Heart rate variability (HRV) analysis holds increasing interest but electrocardiographic (ECG) recordings are strongly disturbed by body movements, changes in environment and respiration. Here we give arguments for the use of slow wave sleep (SWS) as an appropriate recording condition. Sixteen healthy subjects aged 21-31 years (10 males, 6 females) underwent polygraphic sleep, ECG, and respiratory recordings during one experimental night. HRV was analyzed in 5-min SWS segments and compared to data collected during quiet wake in the morning with controlled breathing, using for each individual the same respiratory frequency as that recorded during SWS. SWS has two major advantages. First, it is a quiet sleep period, free of any external confounding events and is characterized by fewer body movements or arousals that cause abrupt heart rate (HR) increases which disrupt the ECG signal. Second, SWS avoids the deleterious effect of controlled breathing on HRV. Respiratory cycles were spontaneously more regular during SWS than during generally used wake (Standard deviation (SD) of the respiratory cycles was 0.27+/-0.02 s during SWS vs 0.42+/-0.07 s during wake under controlled breathing; p<0.01). Compared to quiet wake, the SD of normal R-R intervals reflecting global variability was significantly lower during SWS (54.3+/-4.7 vs 78.8+/-6.1 ms; p<0.001) and the normalized high frequency power was increased (0.57+/-0.04 vs 0.51+/-0.03; p<0.05), suggesting a higher parasympathetic control of the heart. Thus, SWS offers a "self-controlled" and undisturbed moment of observation for assessing time and frequency domain HRV indexes. Its relevance as an optimal ECG recording condition has to be confirmed in various experimental conditions.

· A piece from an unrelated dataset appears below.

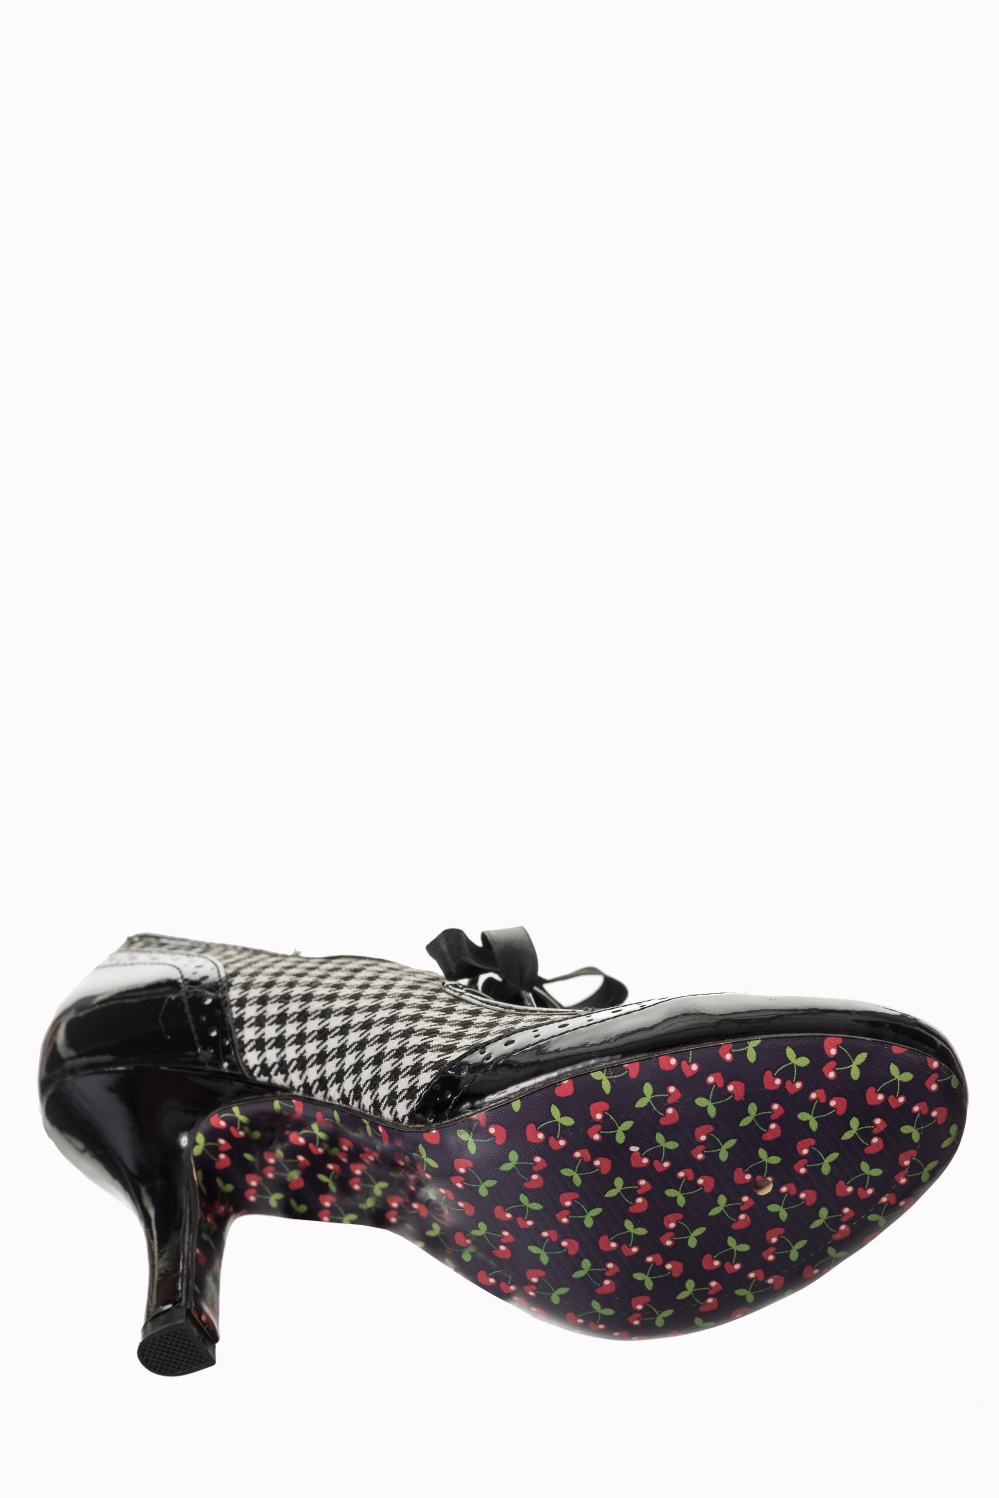 Dancing Days Houndstooth 50s Shoes

心率变异性(HRV)分析越来越受到关注,但心电图(ECG)记录会受到身体运动、环境变化和呼吸的强烈干扰。在此,我们阐述了将慢波睡眠(SWS)作为合适记录条件的依据。16名年龄在21 - 31岁的健康受试者(10名男性,6名女性)在一个实验夜间接受了多导睡眠图、心电图和呼吸记录。在5分钟的慢波睡眠时段分析HRV,并与早晨安静觉醒且呼吸受控时收集的数据进行比较,每个个体使用与慢波睡眠期间记录的相同呼吸频率。慢波睡眠有两个主要优点。首先,它是一个安静的睡眠时段,没有任何外部干扰事件,其特点是身体运动或觉醒较少,这些会导致心率(HR)突然增加,从而干扰心电图信号。其次,慢波睡眠避免了受控呼吸对HRV的有害影响。慢波睡眠期间呼吸周期比一般使用的觉醒期间自发更规律(慢波睡眠期间呼吸周期的标准差(SD)为0.27±0.02秒,而在受控呼吸的觉醒期间为0.42±0.07秒;p<0.01)。与安静觉醒相比,反映整体变异性的正常R - R间期标准差在慢波睡眠期间显著更低(54.3±4.7对78.8±6.1毫秒;p<0.001),且归一化高频功率增加(0.57±0.04对0.51±0.03;p<0.05),表明心脏的副交感神经控制更高。因此,慢波睡眠为评估时域和频域HRV指标提供了一个“自我控制”且不受干扰的观察时刻。其作为最佳心电图记录条件的相关性必须在各种实验条件下得到证实。